## PROVIDED INFORMATION:

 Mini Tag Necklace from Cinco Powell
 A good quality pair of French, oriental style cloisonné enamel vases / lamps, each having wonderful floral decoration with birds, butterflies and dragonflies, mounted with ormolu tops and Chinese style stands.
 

---

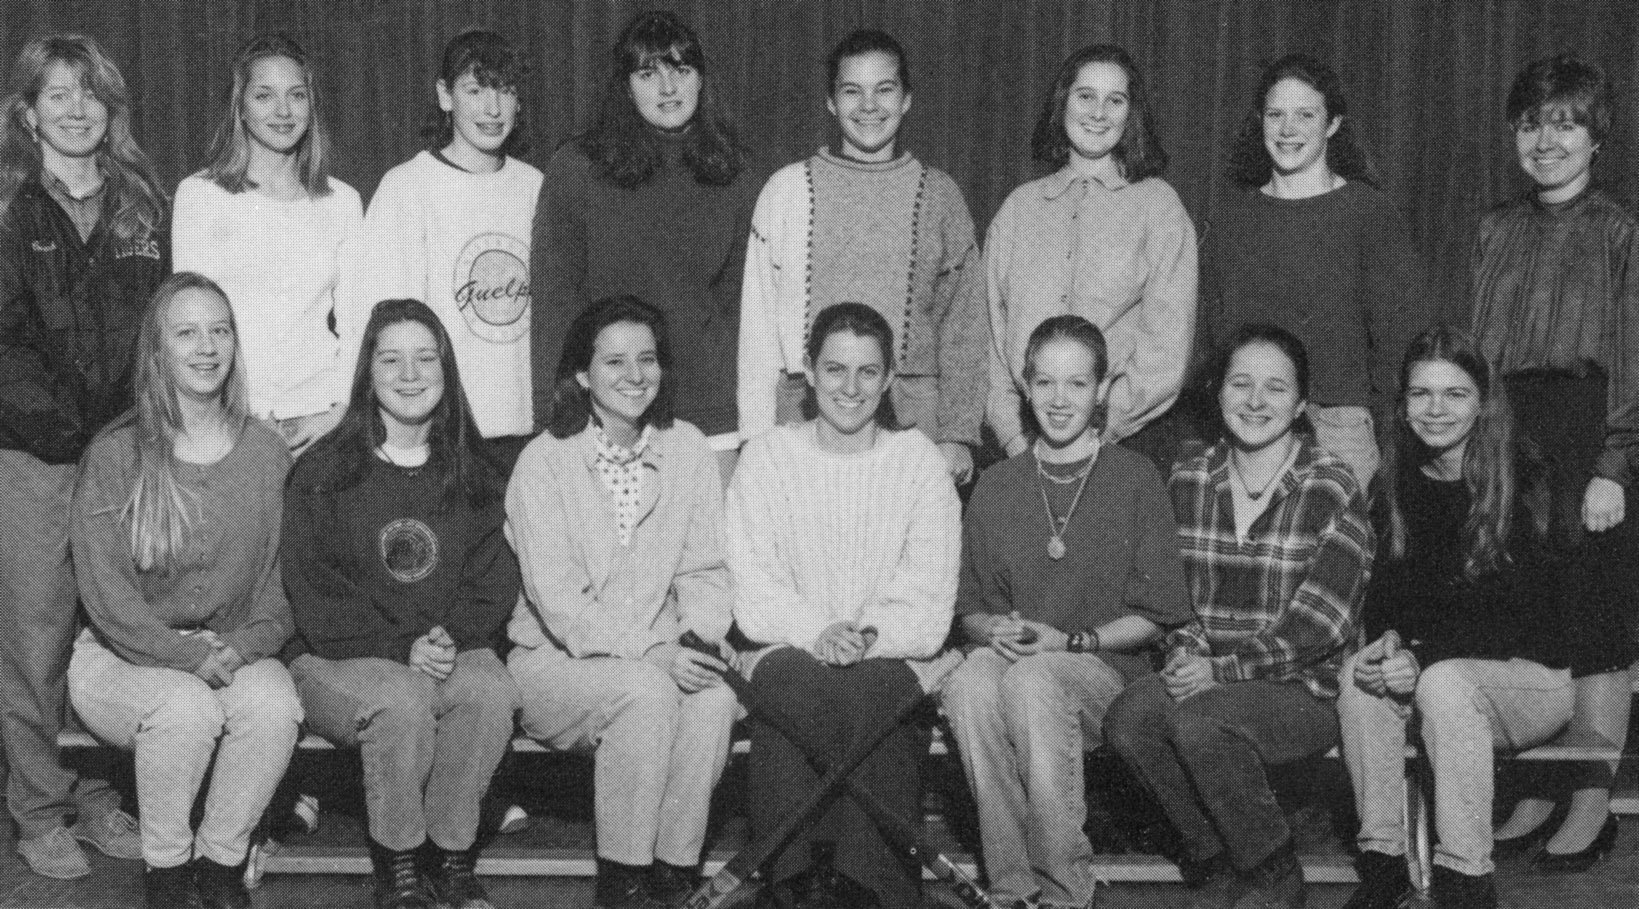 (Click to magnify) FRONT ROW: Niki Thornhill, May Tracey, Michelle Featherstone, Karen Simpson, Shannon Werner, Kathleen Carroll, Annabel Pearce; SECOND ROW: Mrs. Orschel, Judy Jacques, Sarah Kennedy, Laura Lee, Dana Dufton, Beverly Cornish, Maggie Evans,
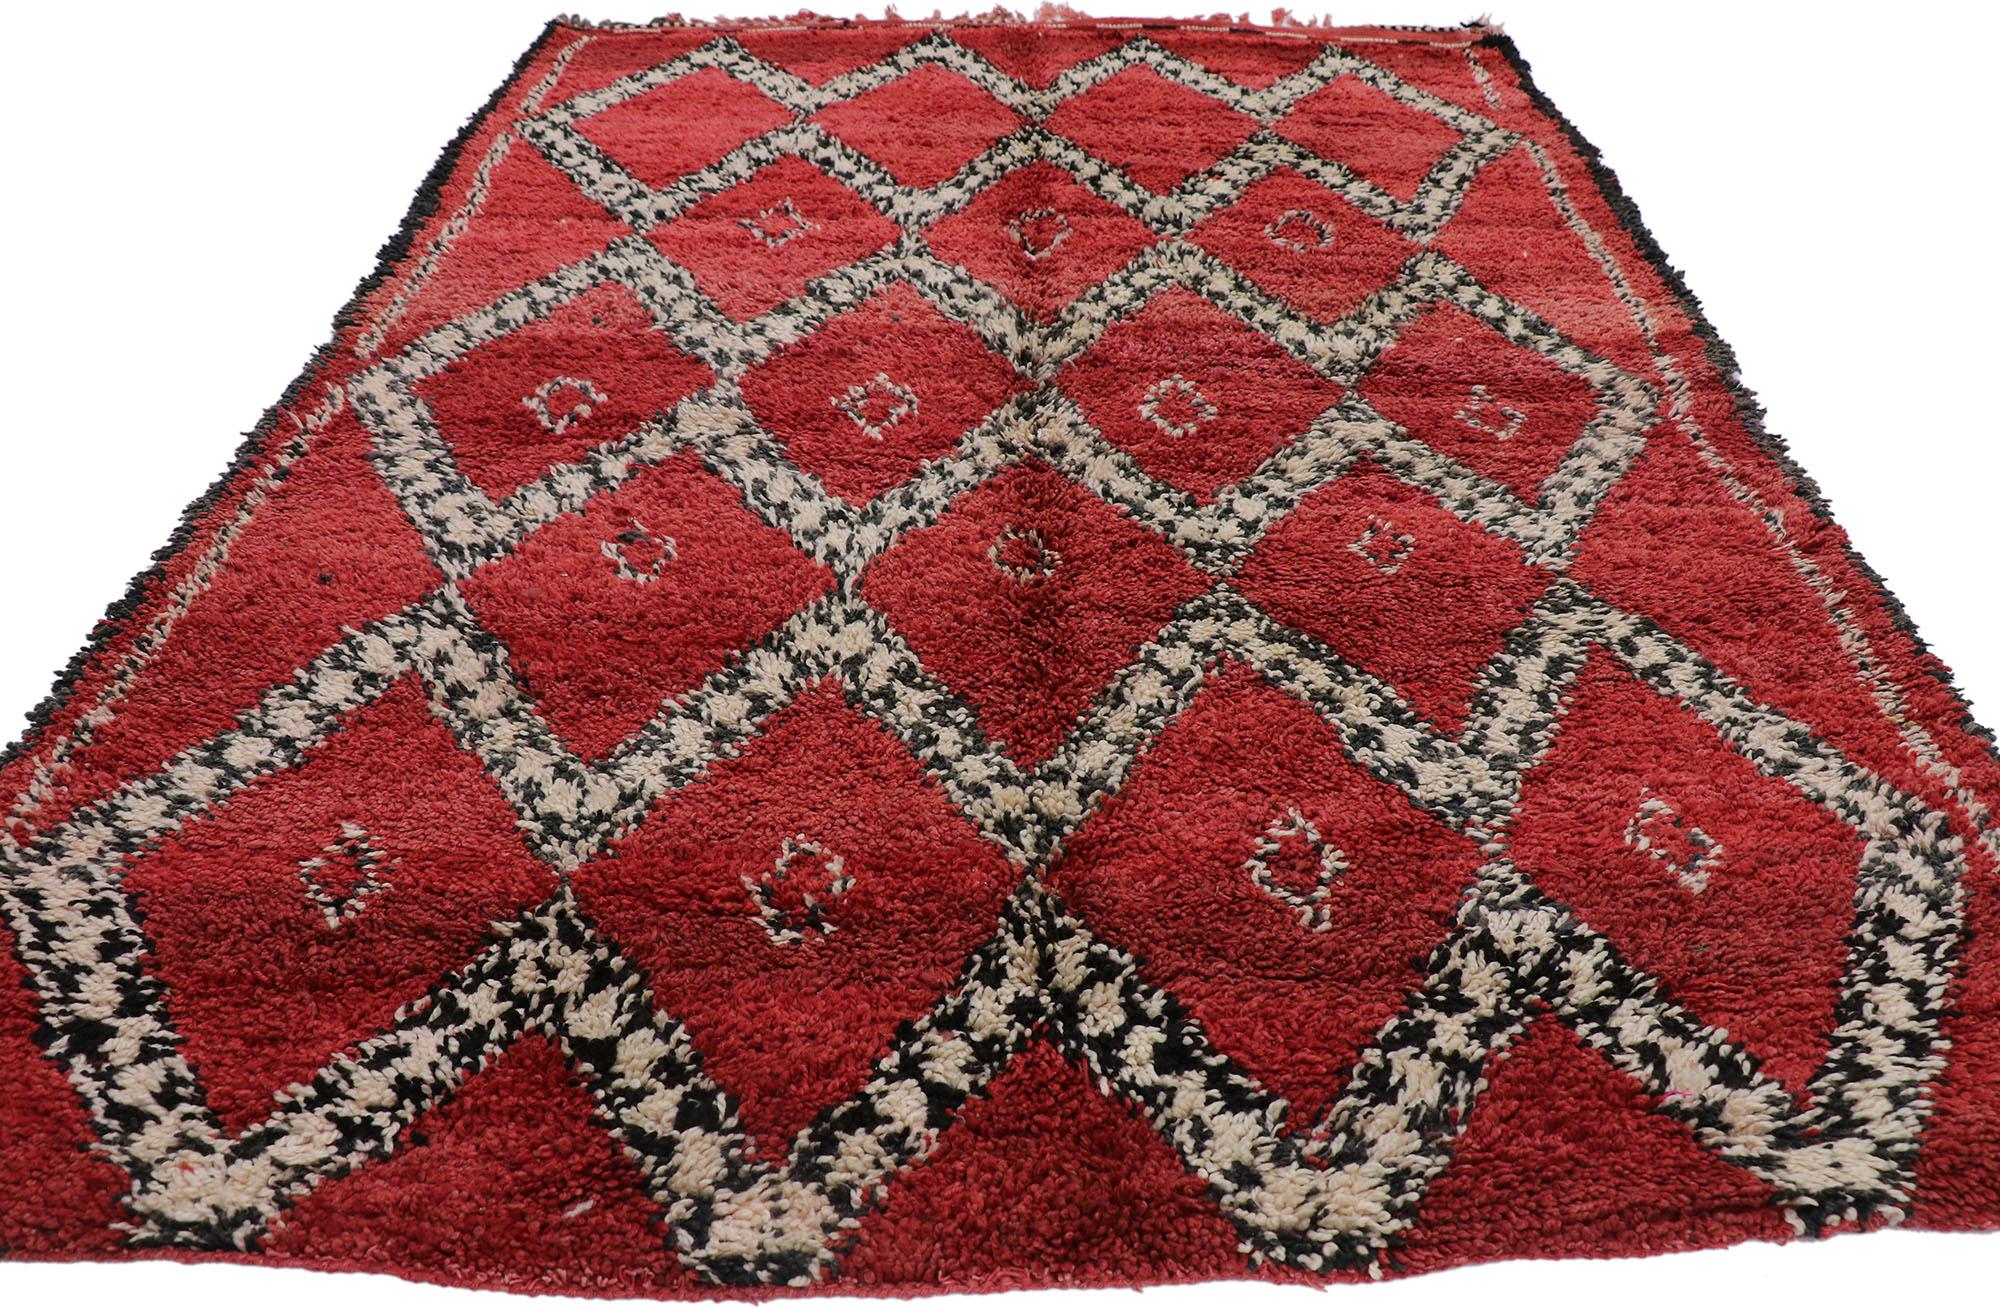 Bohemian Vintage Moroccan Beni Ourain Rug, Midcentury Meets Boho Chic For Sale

---

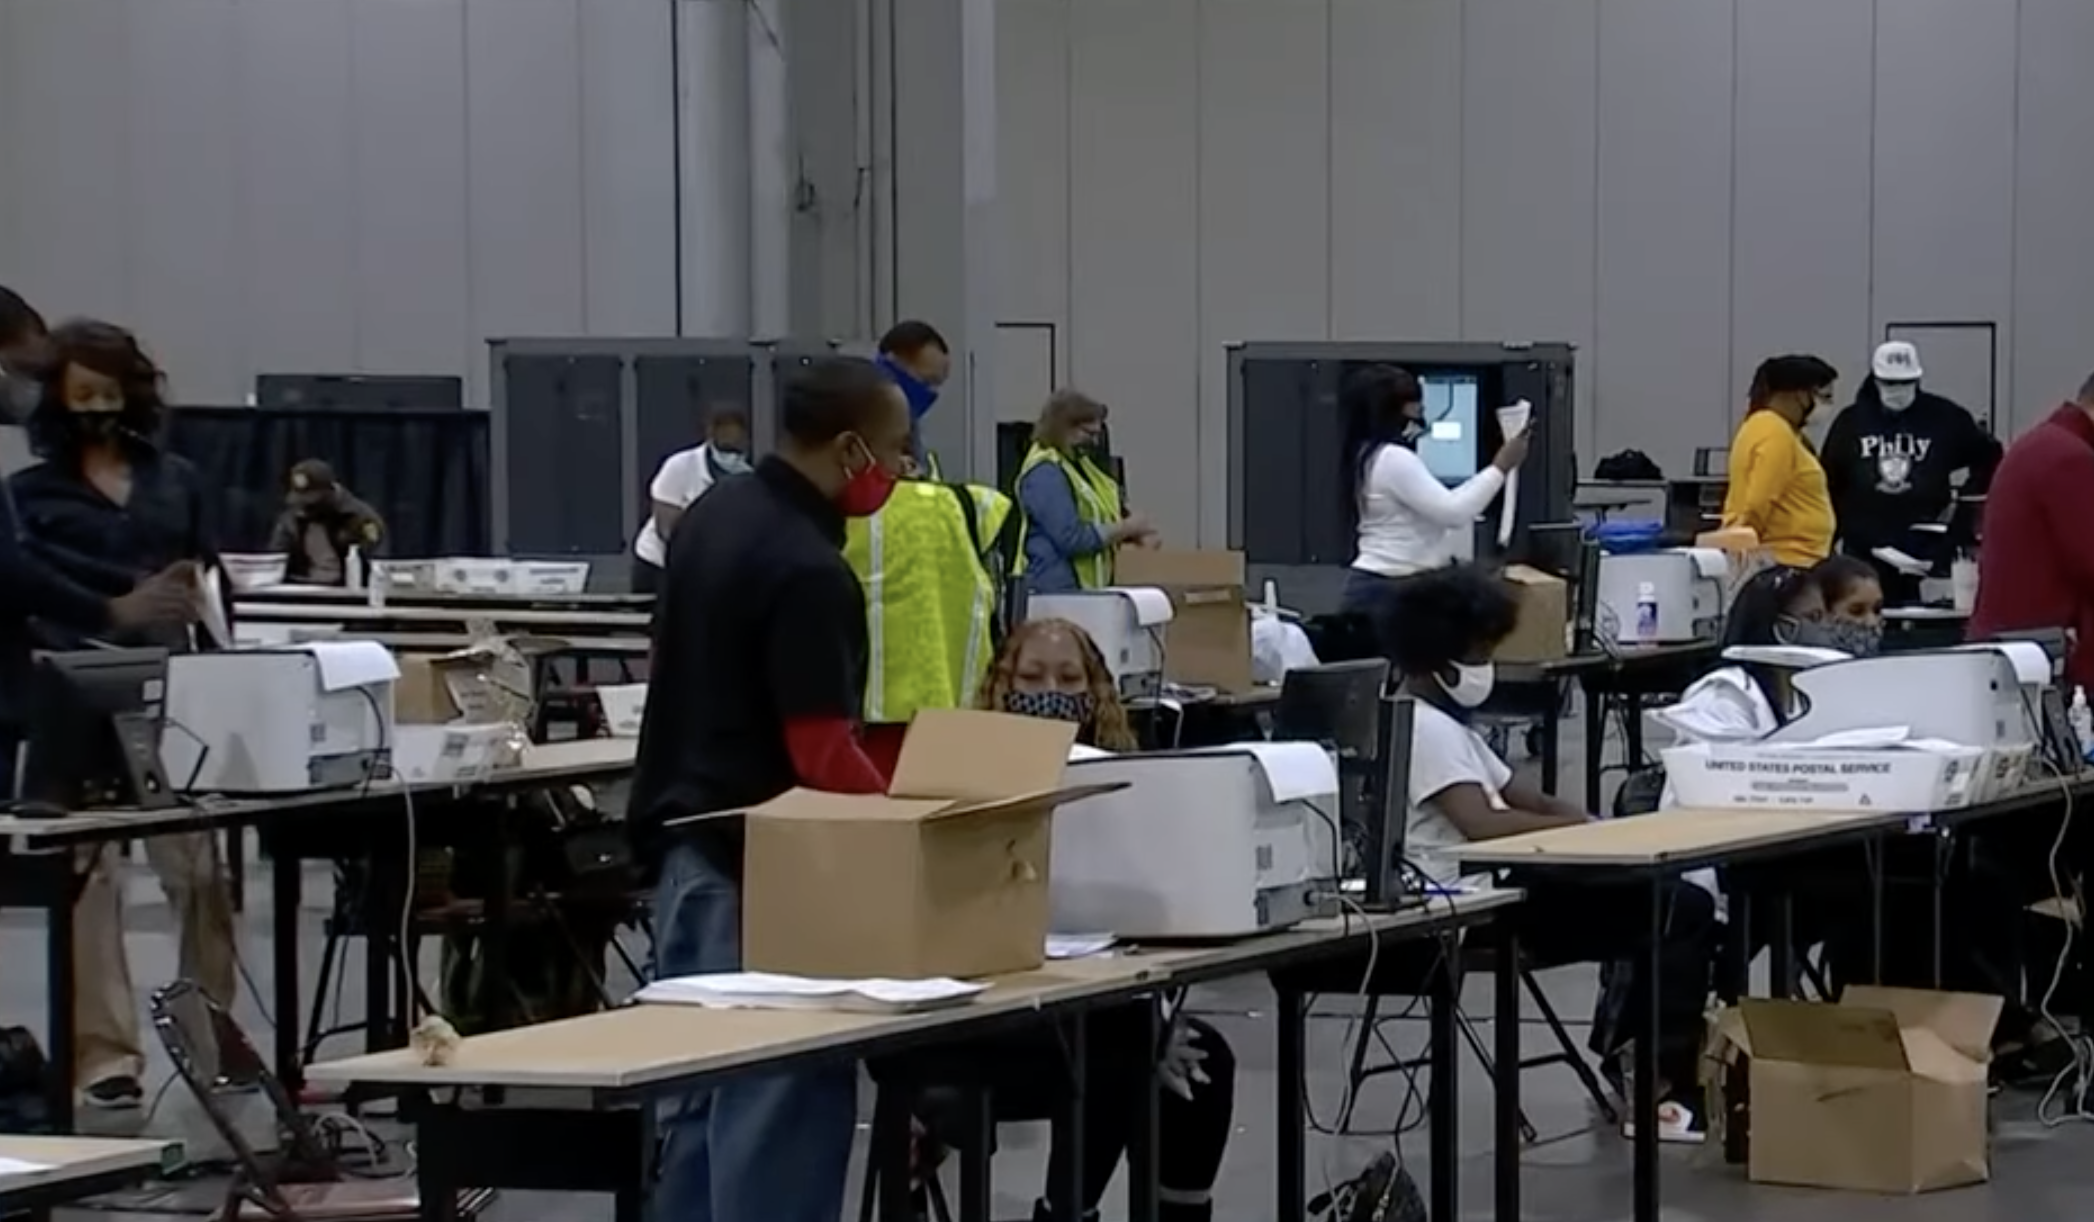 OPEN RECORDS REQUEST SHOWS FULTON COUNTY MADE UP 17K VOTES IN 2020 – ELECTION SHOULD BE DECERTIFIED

## TASK BRIEF:
Return only the stretch of the material above from the line holding "Mini Tag Necklace from Cinco Powell" through the line holding "A good quality", copied exactly.

## PROBLEM SOLUTION:
 Mini Tag Necklace from Cinco Powell
 A good quality pair of French, oriental style cloisonné enamel vases / lamps, each having wonderful floral decoration with birds, butterflies and dragonflies, mounted with ormolu tops and Chinese style stands.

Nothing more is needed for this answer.